↓↓↓
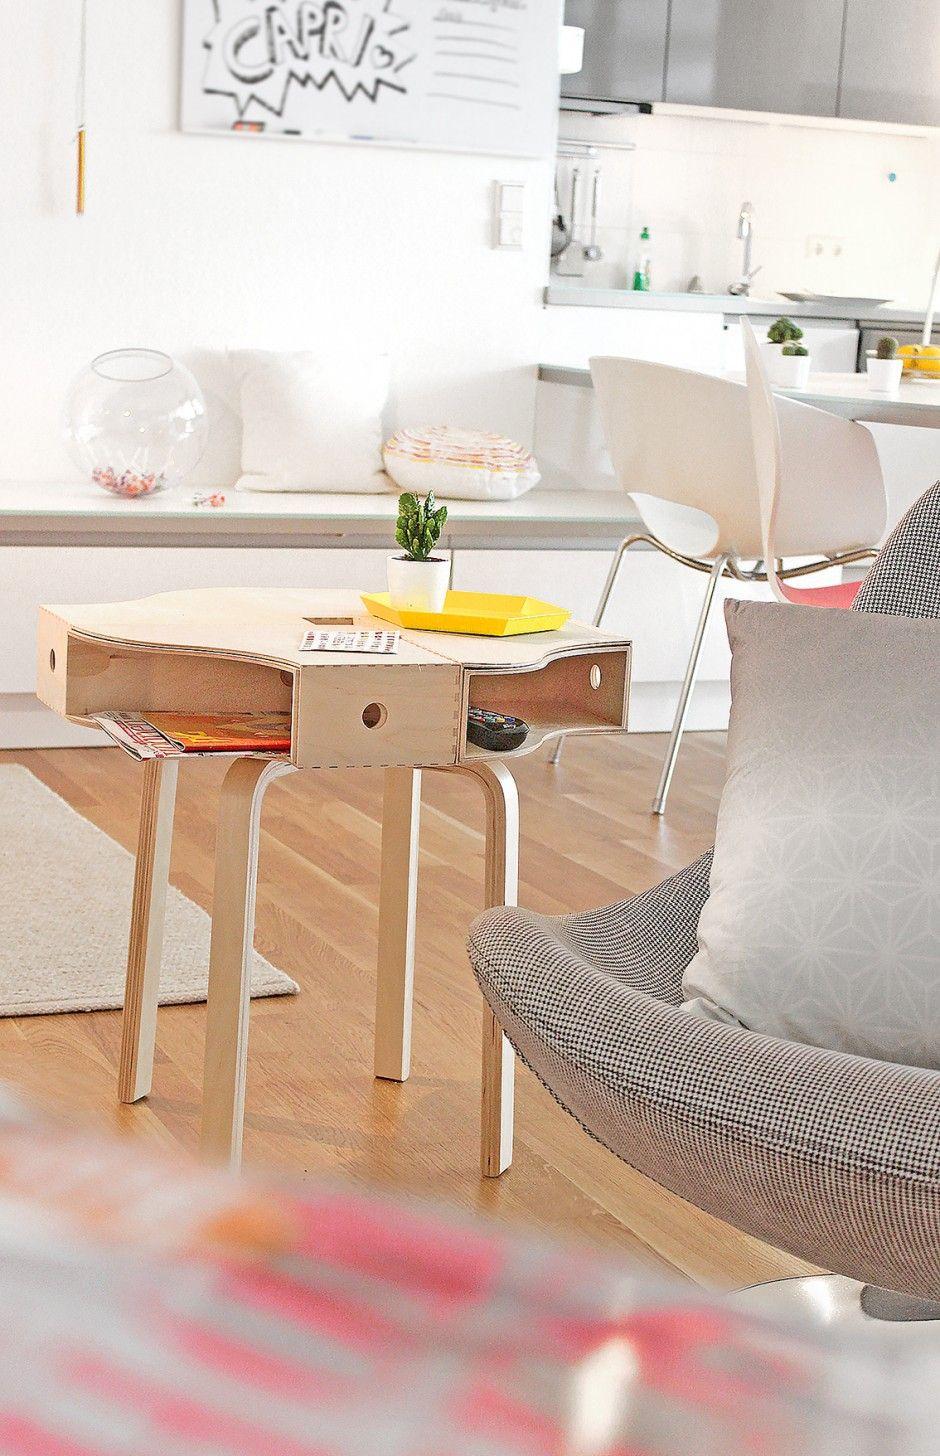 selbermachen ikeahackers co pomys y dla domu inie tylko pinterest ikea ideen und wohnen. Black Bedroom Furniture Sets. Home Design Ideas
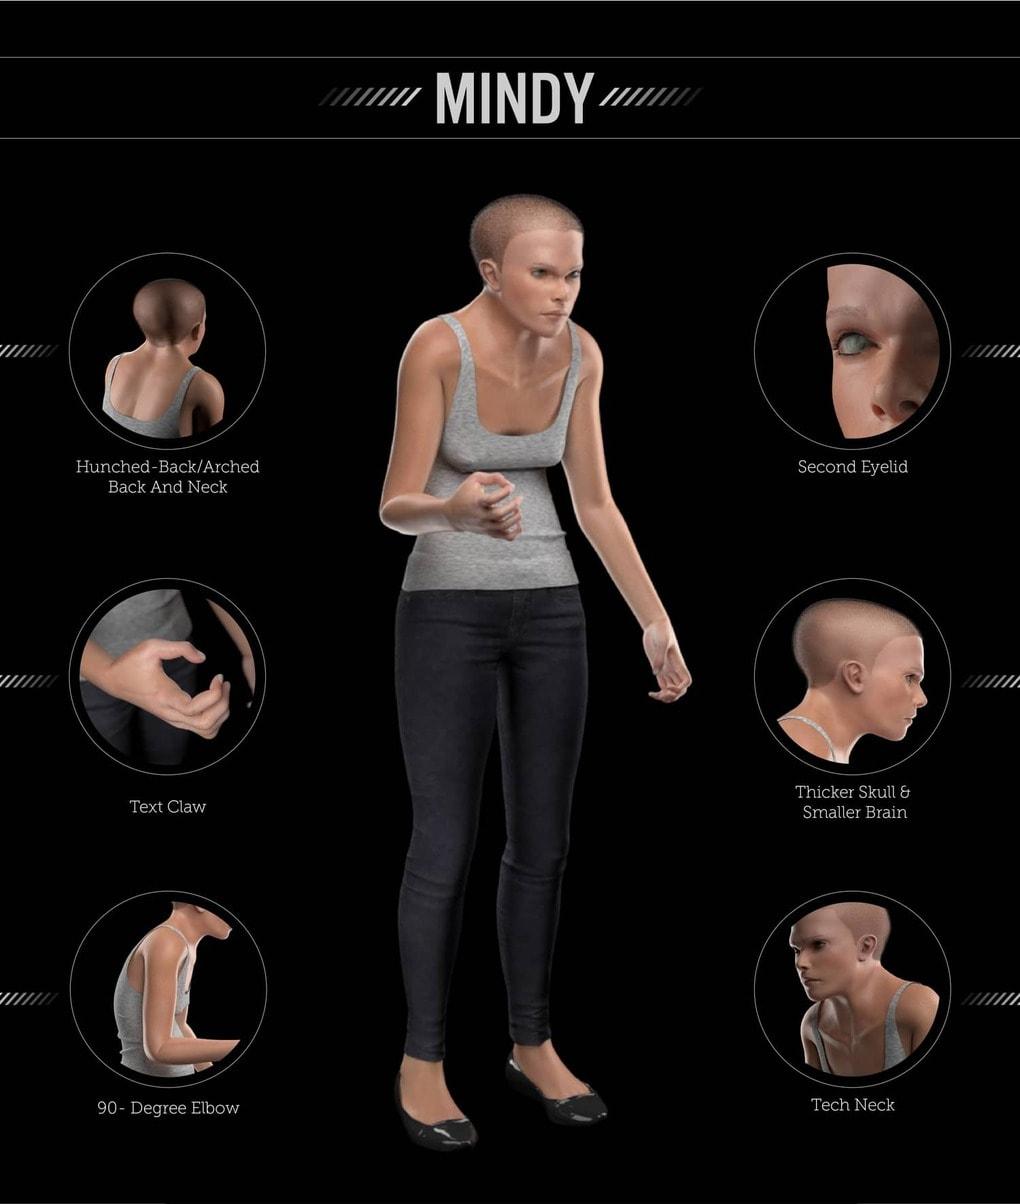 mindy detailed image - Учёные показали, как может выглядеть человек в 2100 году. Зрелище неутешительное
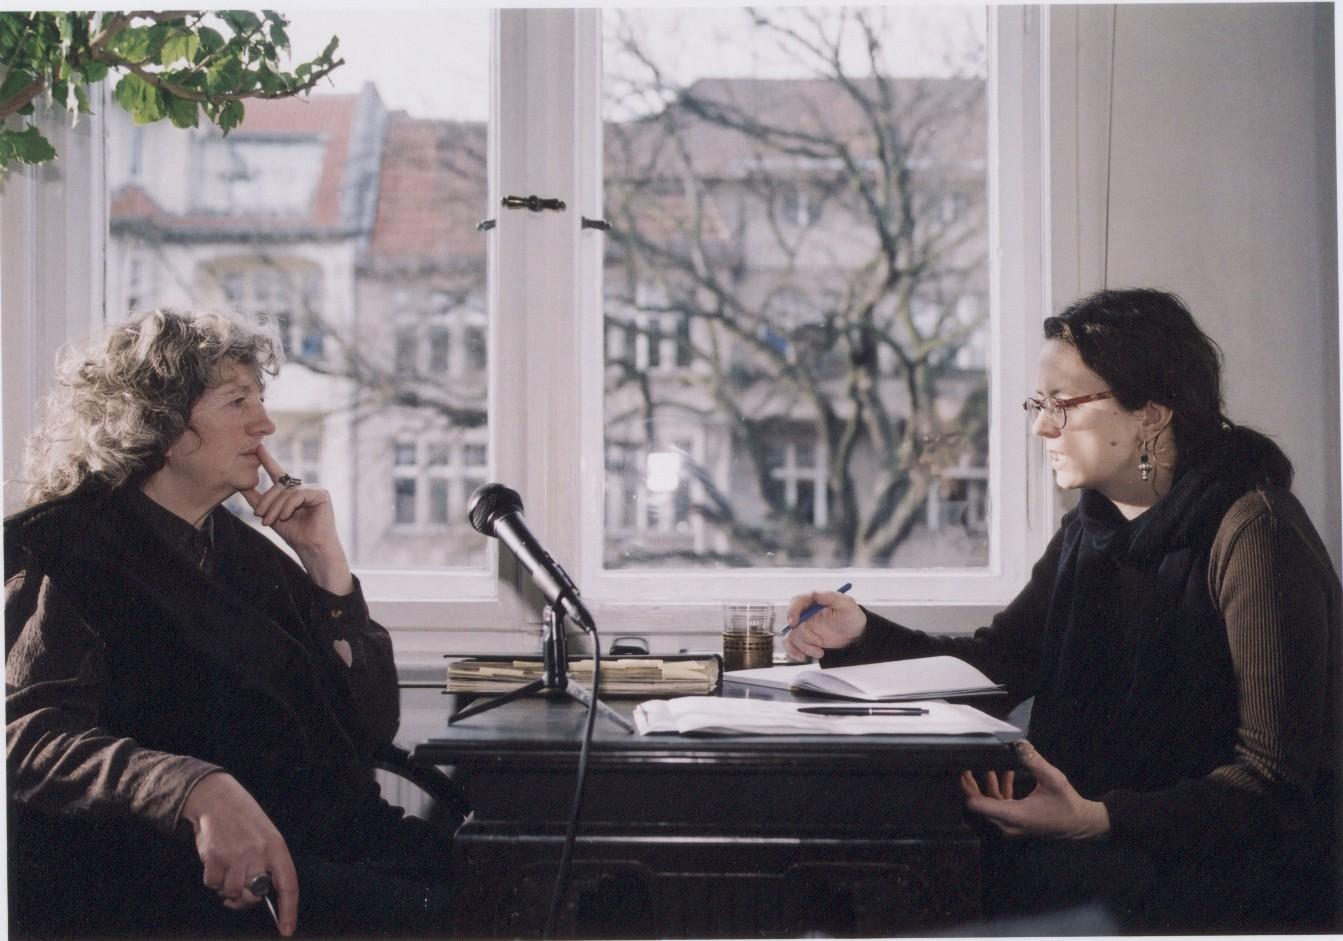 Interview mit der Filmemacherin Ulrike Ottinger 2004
↑↑↑
→ REQUIRED WORK
The preceding listing must be repeated exactly, with all images dropped.

→ TASK OUTPUT
 selbermachen ikeahackers co pomys y dla domu inie tylko pinterest ikea ideen und wohnen. Black Bedroom Furniture Sets. Home Design Ideas
 mindy detailed image - Учёные показали, как может выглядеть человек в 2100 году. Зрелище неутешительное
 Interview mit der Filmemacherin Ulrike Ottinger 2004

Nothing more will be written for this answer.